Keep the images out while you retype all of the data exactly.

_Data extract_
***
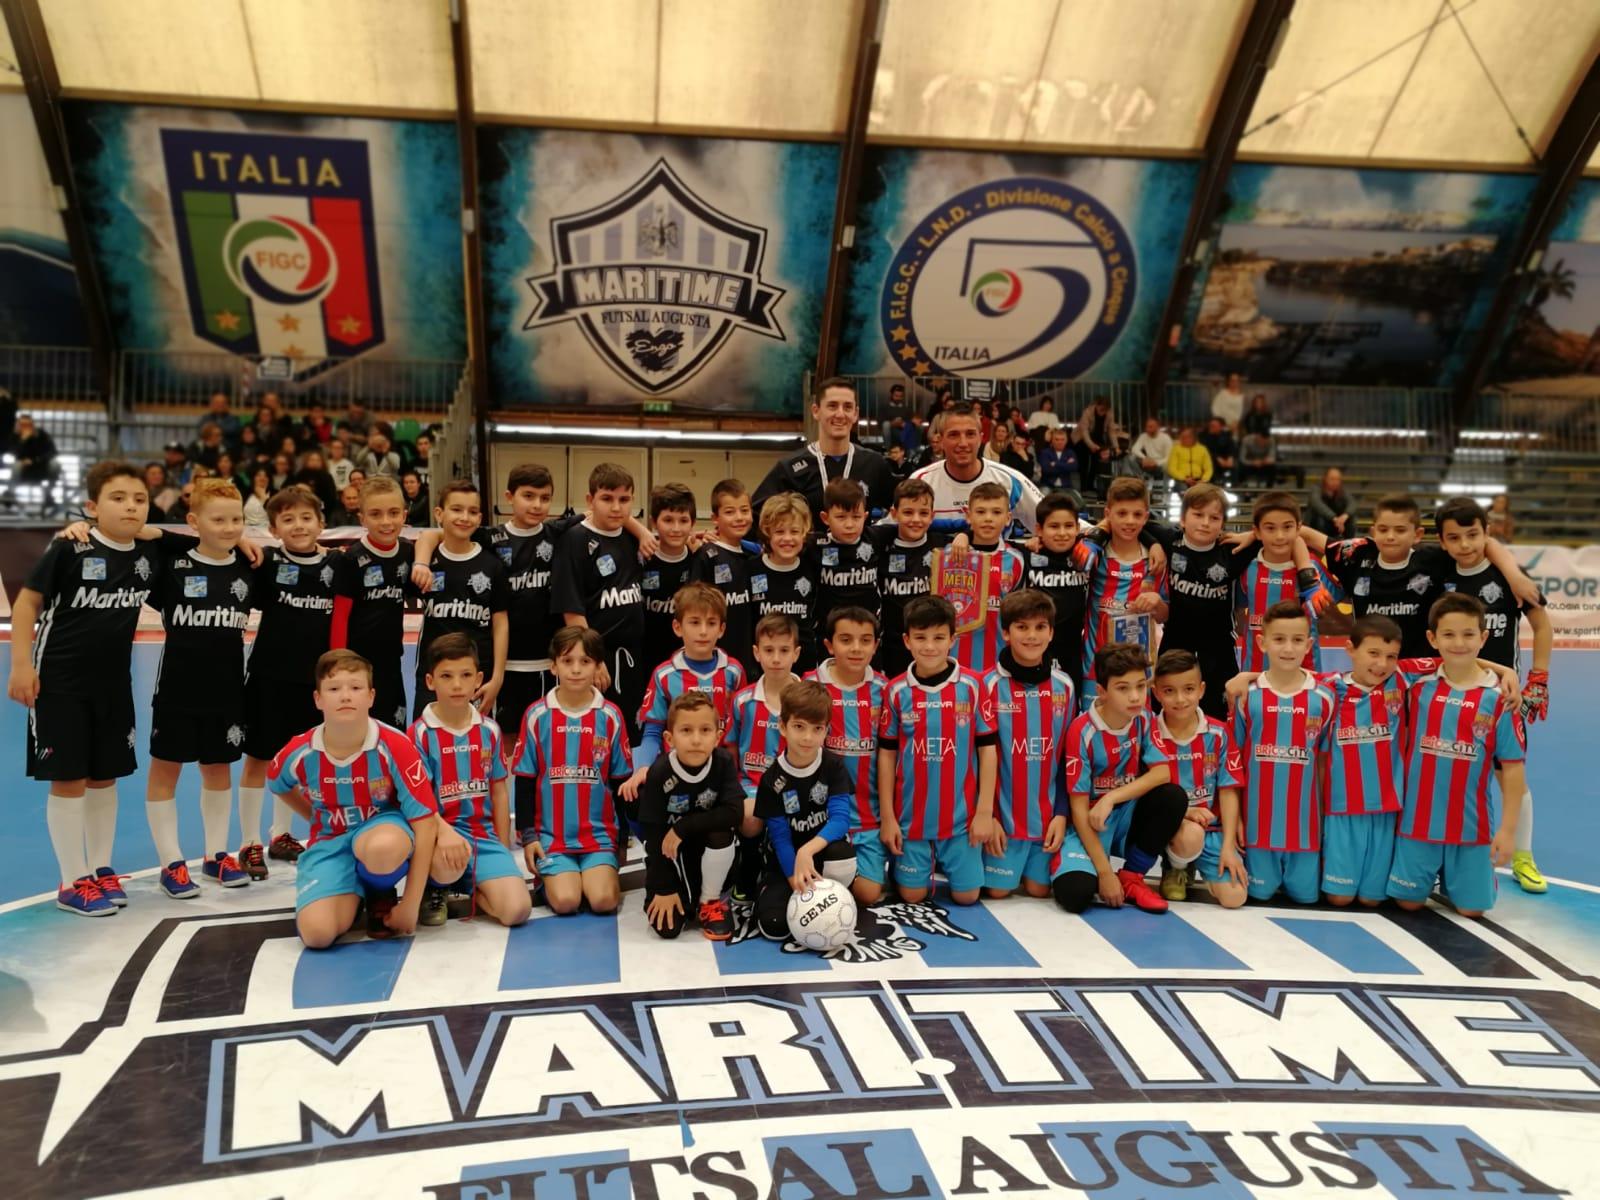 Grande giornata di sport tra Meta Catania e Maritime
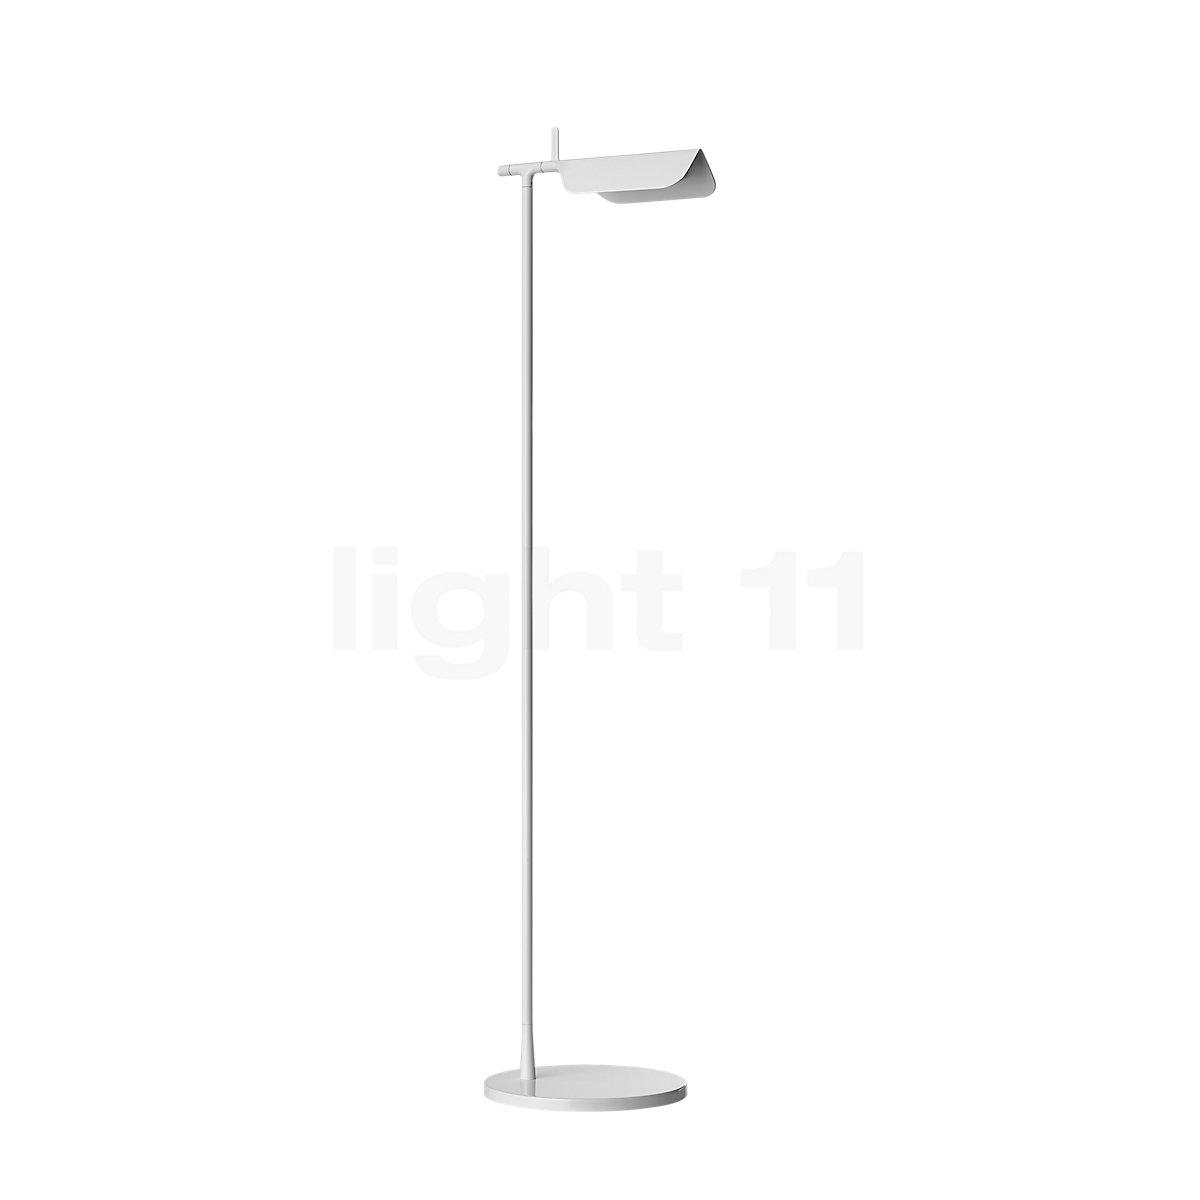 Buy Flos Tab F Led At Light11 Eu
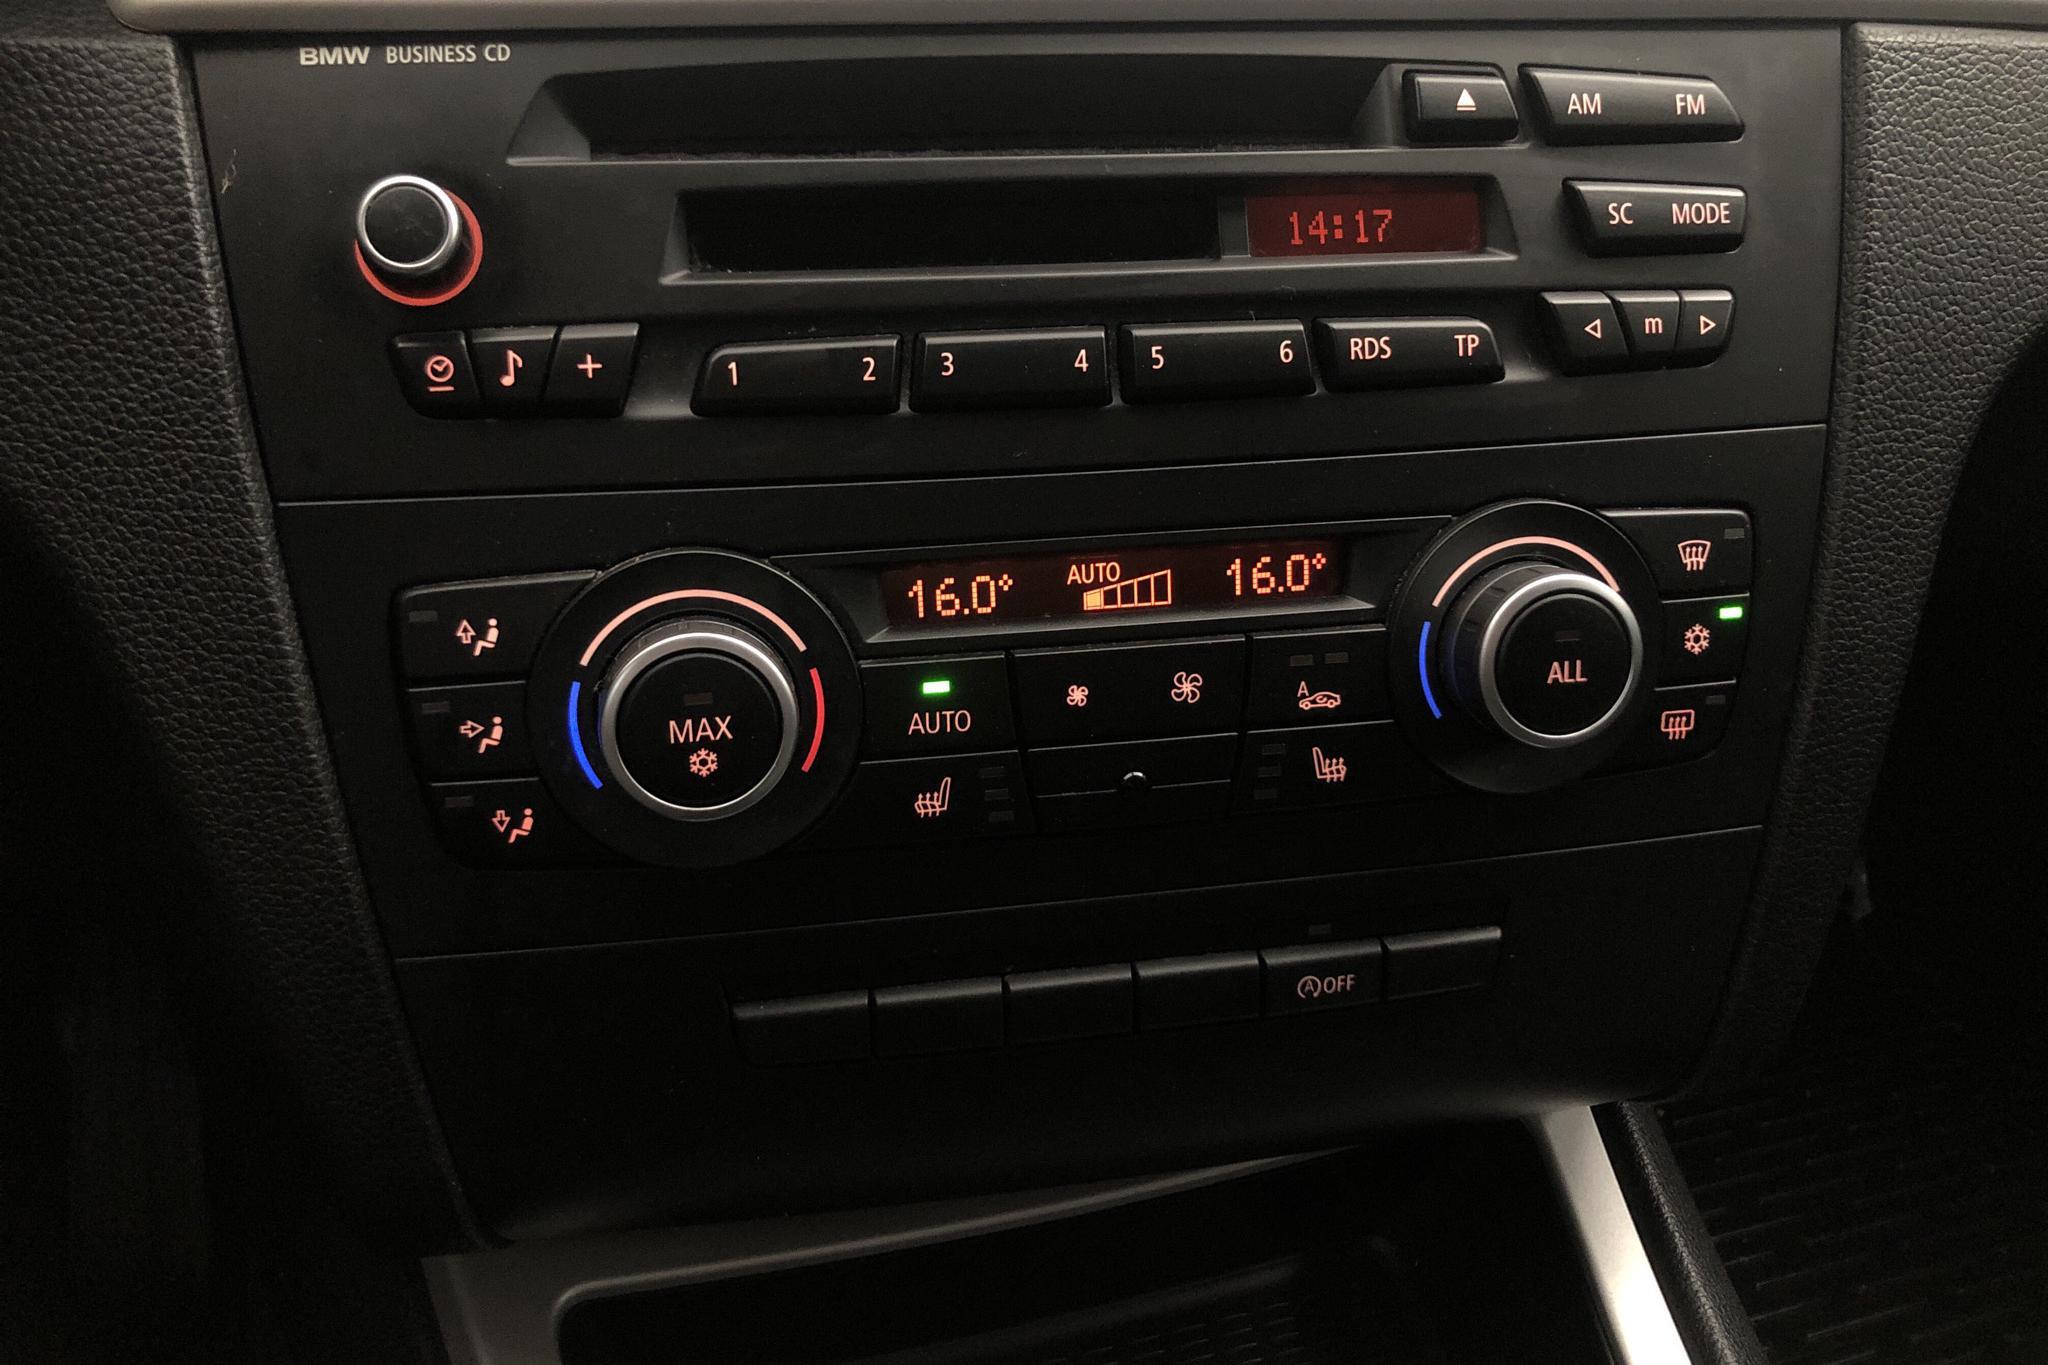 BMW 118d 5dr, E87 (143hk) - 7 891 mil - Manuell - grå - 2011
***
_Reply to the exercise_
 Grande giornata di sport tra Meta Catania e Maritime
 Buy Flos Tab F Led At Light11 Eu
 BMW 118d 5dr, E87 (143hk) - 7 891 mil - Manuell - grå - 2011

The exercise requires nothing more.